**PROMPT**
Print the data exactly as written, line for line, and leave its pictures behind.
··· GIVEN INFORMATION ···
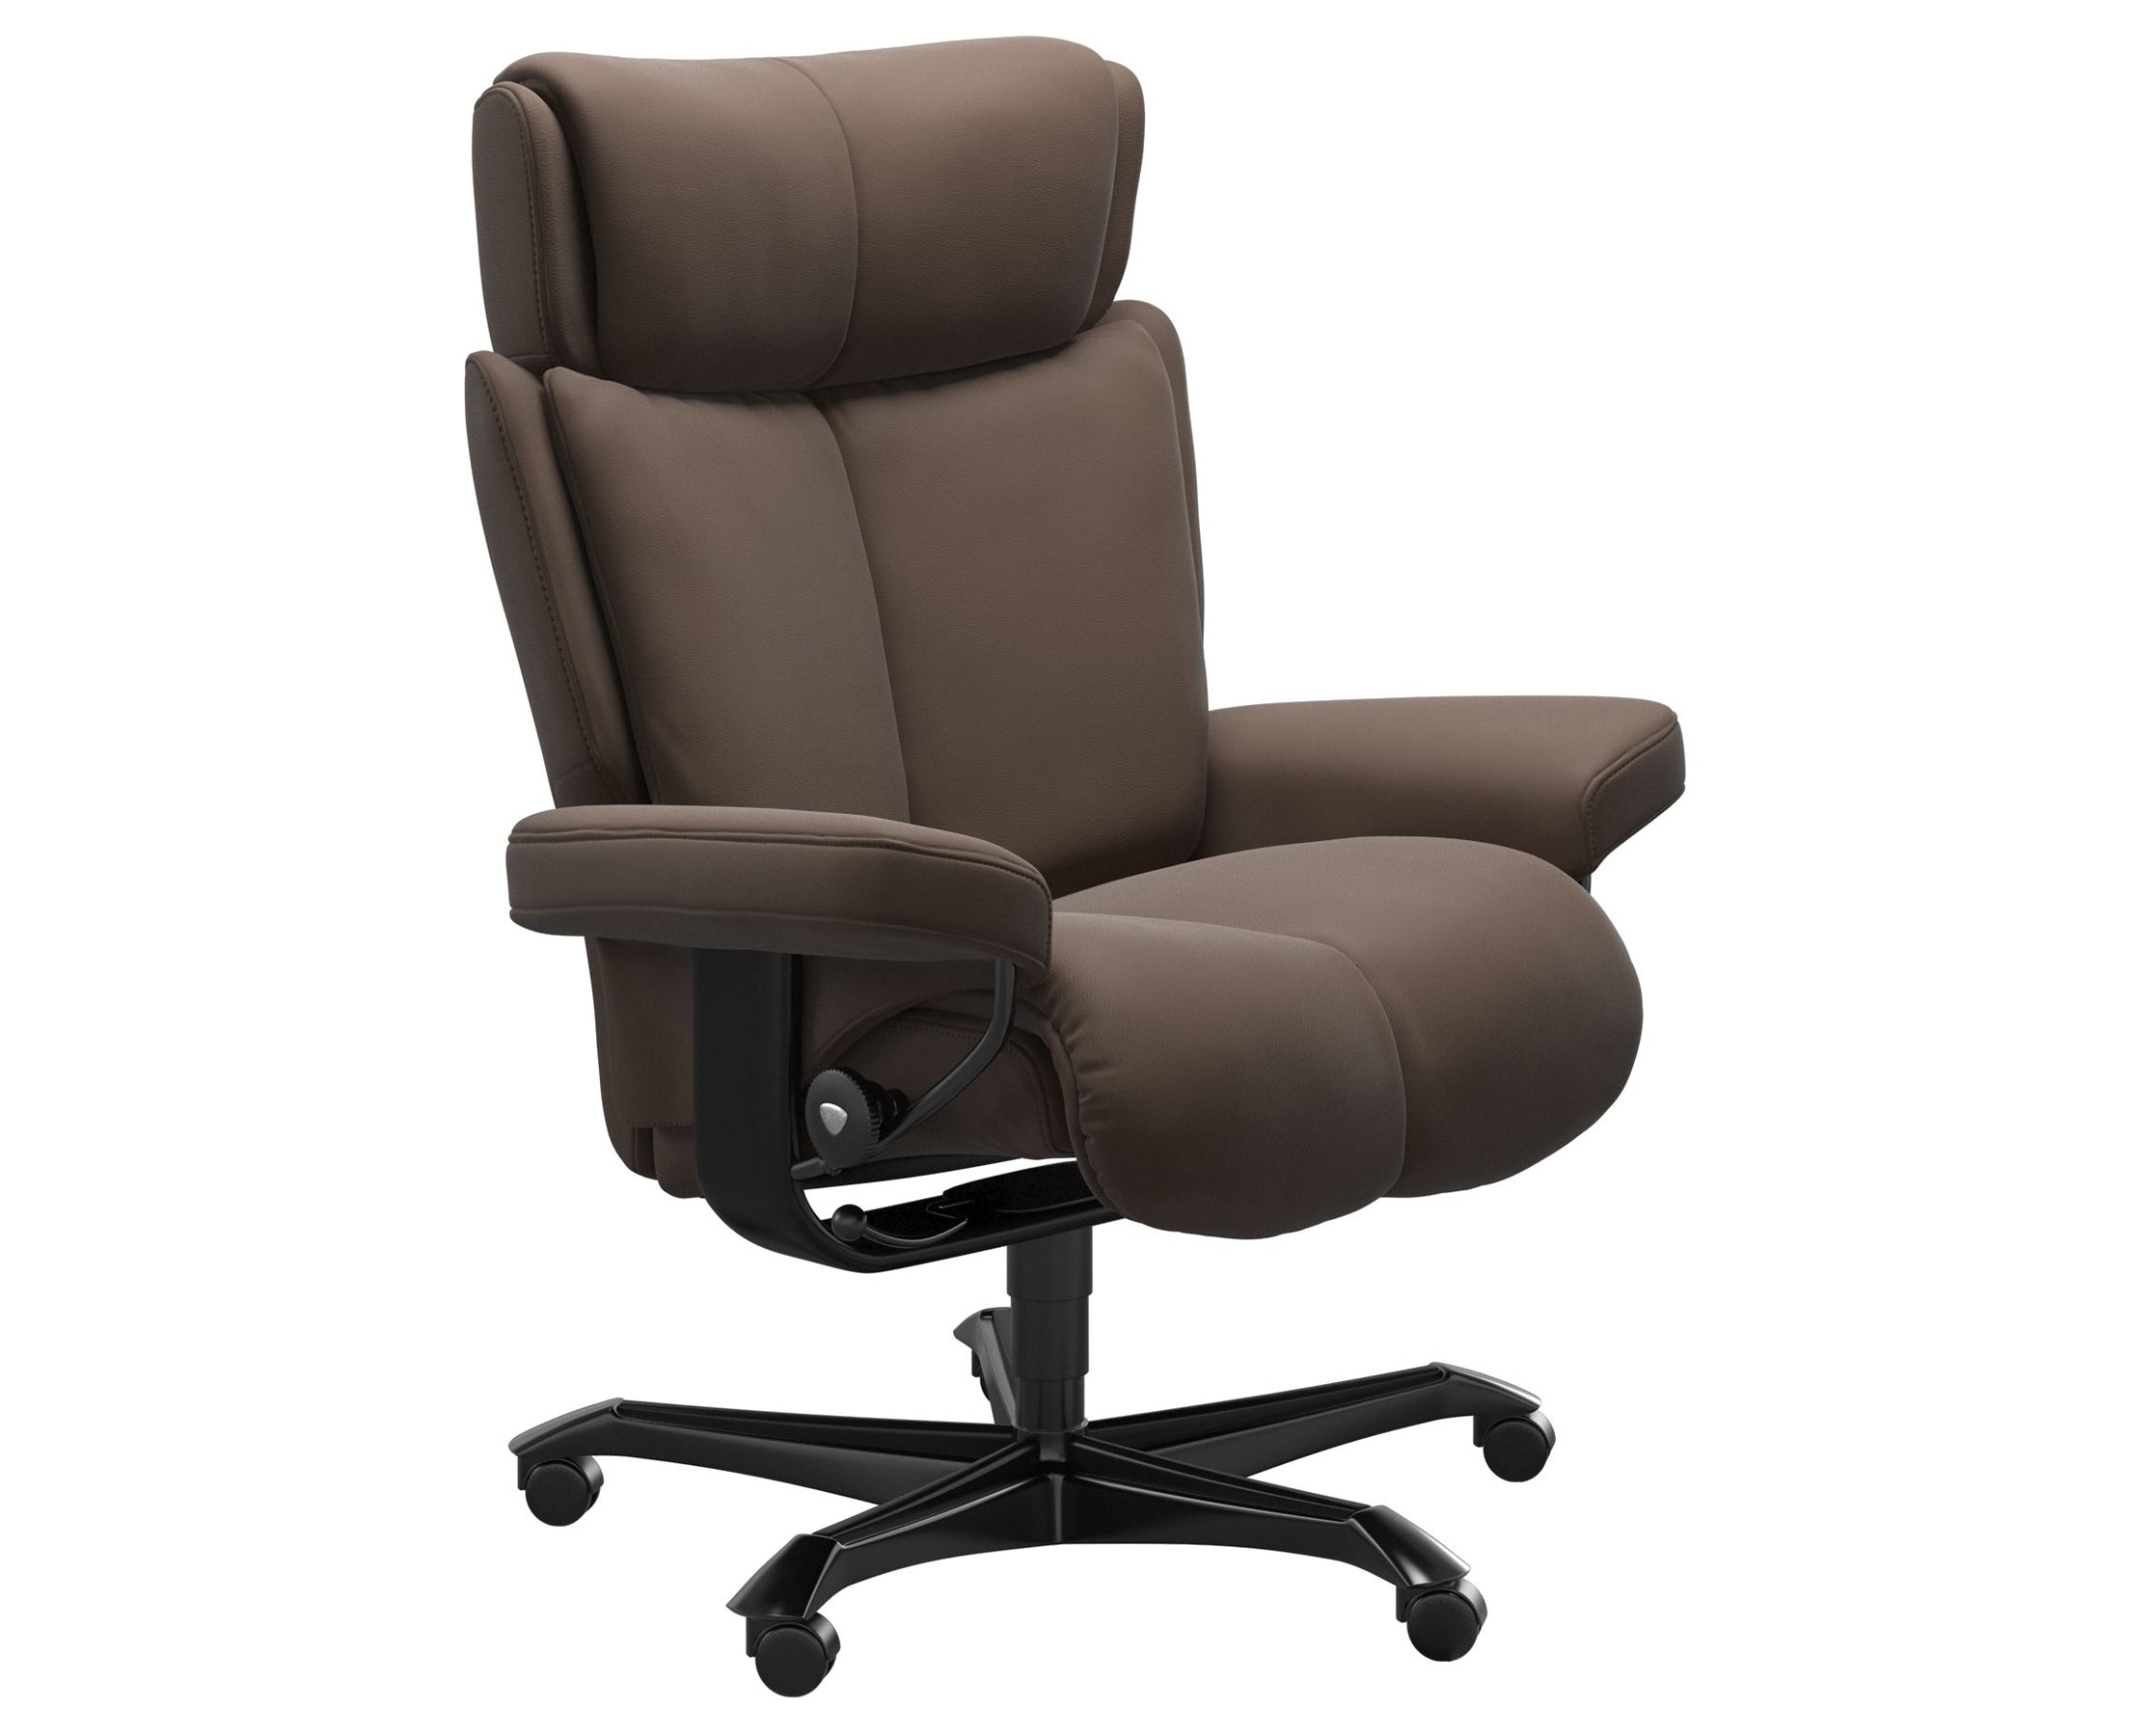 Paloma Leather Espresso M and Black Base | Stressless Magic Home Office Chair | Valley Ridge Furniture
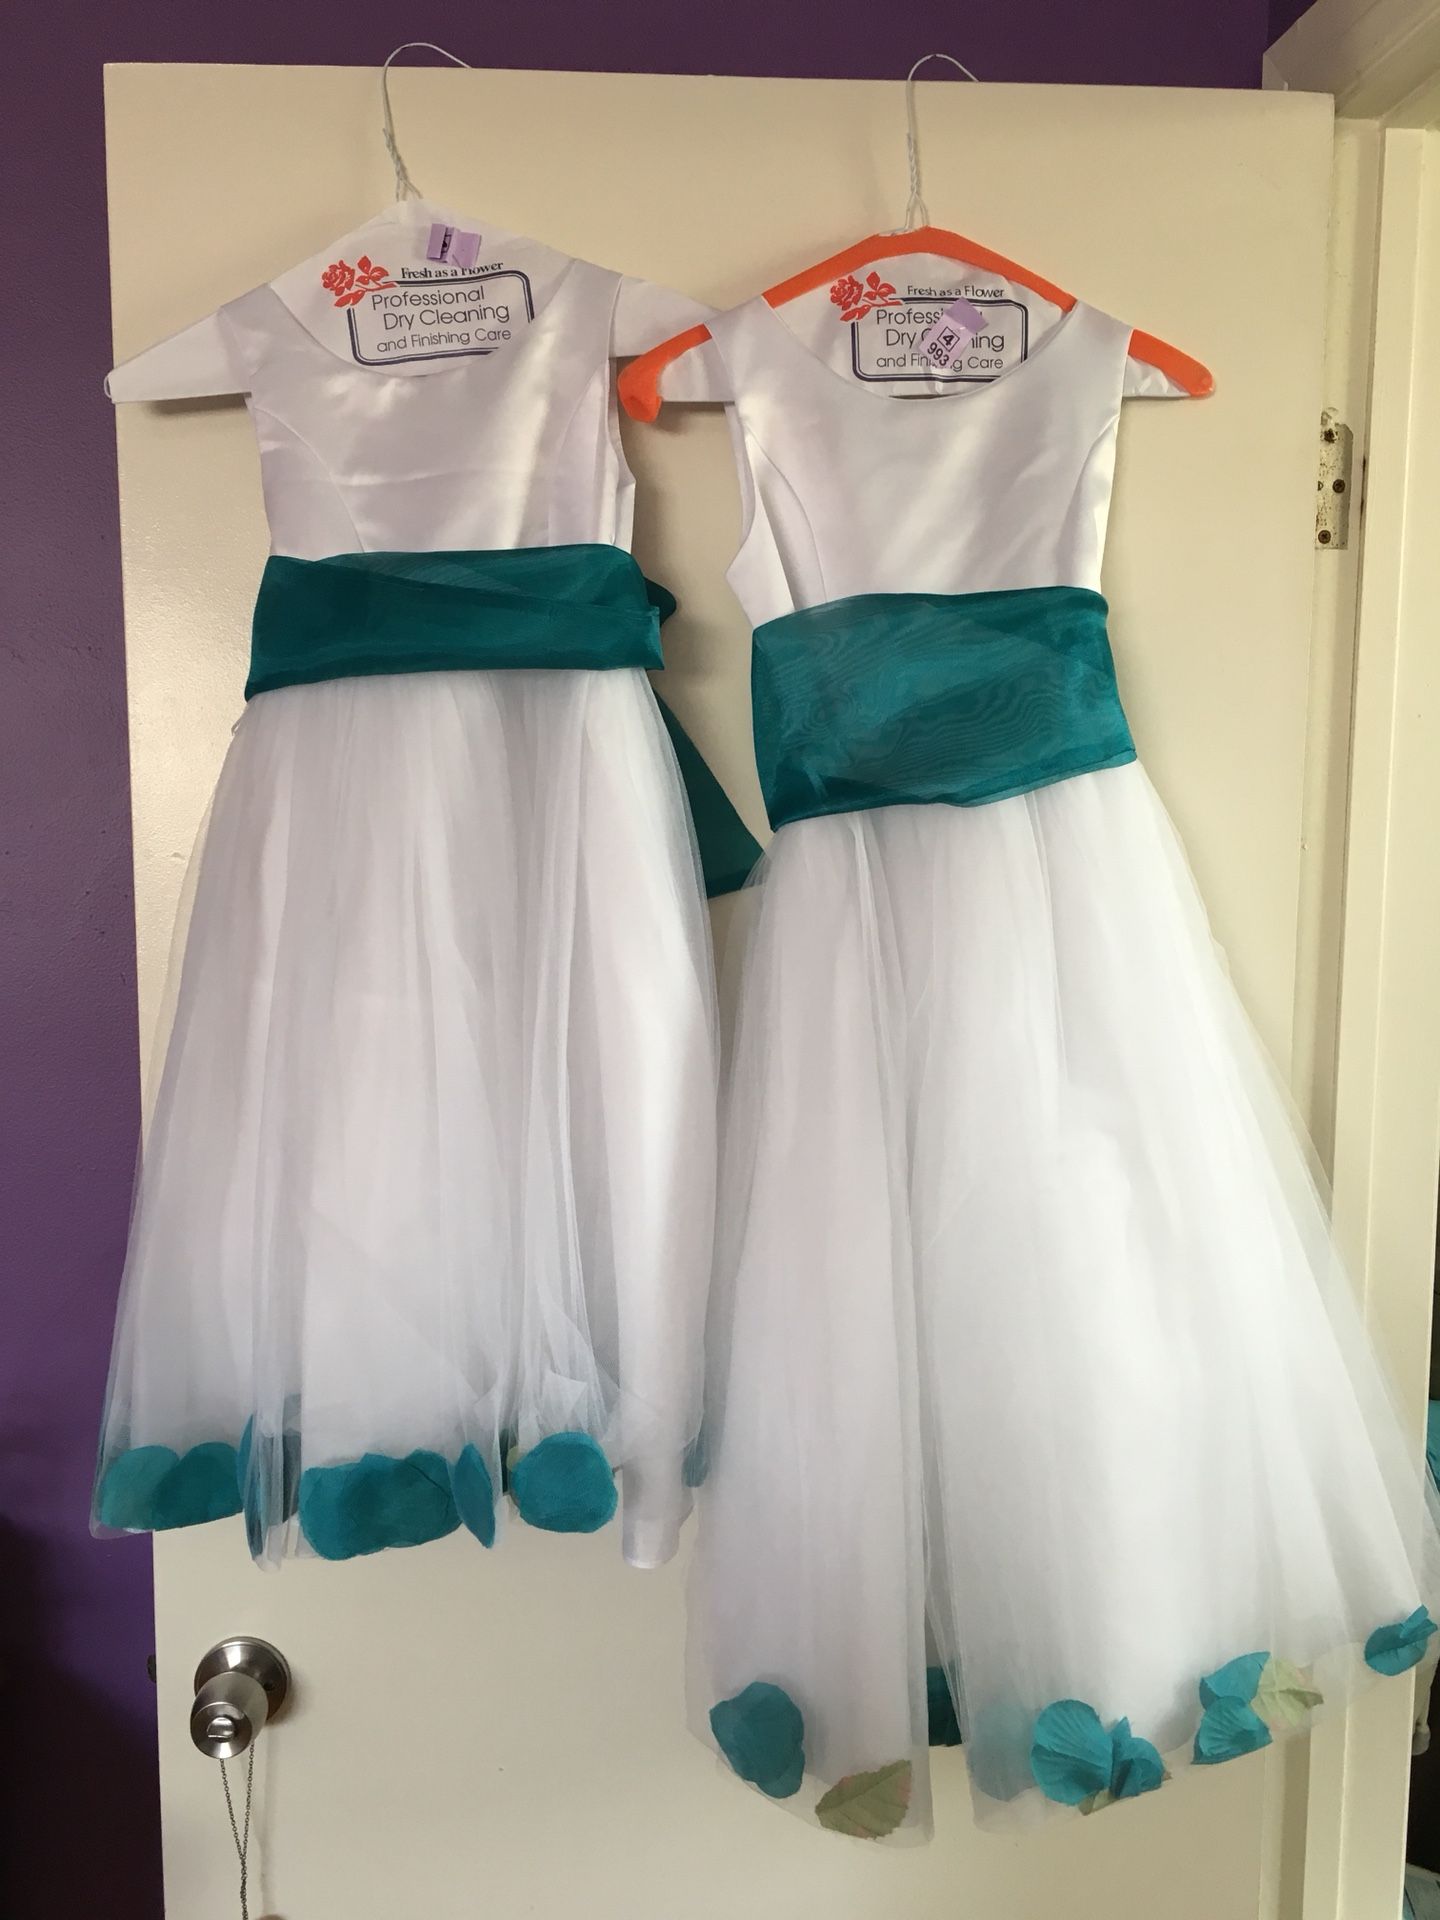 Matching flower girl dresses. Worn once. Size 6 and size 10.
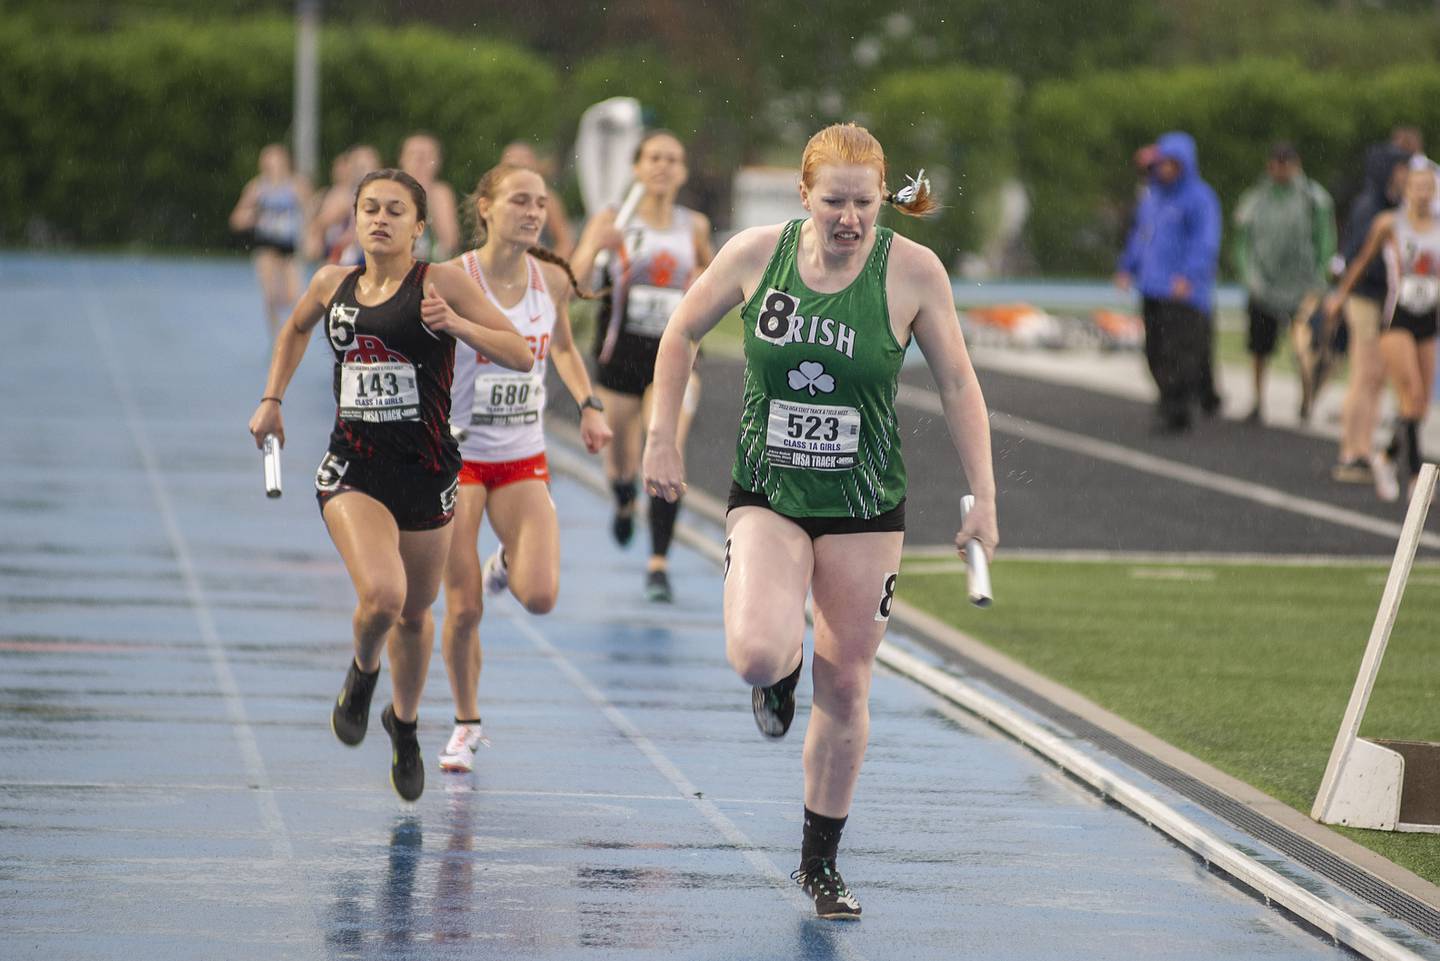 Seneca's Emma Smith leans across the finish to complete the Irish's championship of the 1A 4x400 finals during the IHSA girls state championships, Saturday, May 21, 2022 in Charleston.
···
**FINISHED TASK**
 Paloma Leather Espresso M and Black Base | Stressless Magic Home Office Chair | Valley Ridge Furniture
 Matching flower girl dresses. Worn once. Size 6 and size 10.
 Seneca's Emma Smith leans across the finish to complete the Irish's championship of the 1A 4x400 finals during the IHSA girls state championships, Saturday, May 21, 2022 in Charleston.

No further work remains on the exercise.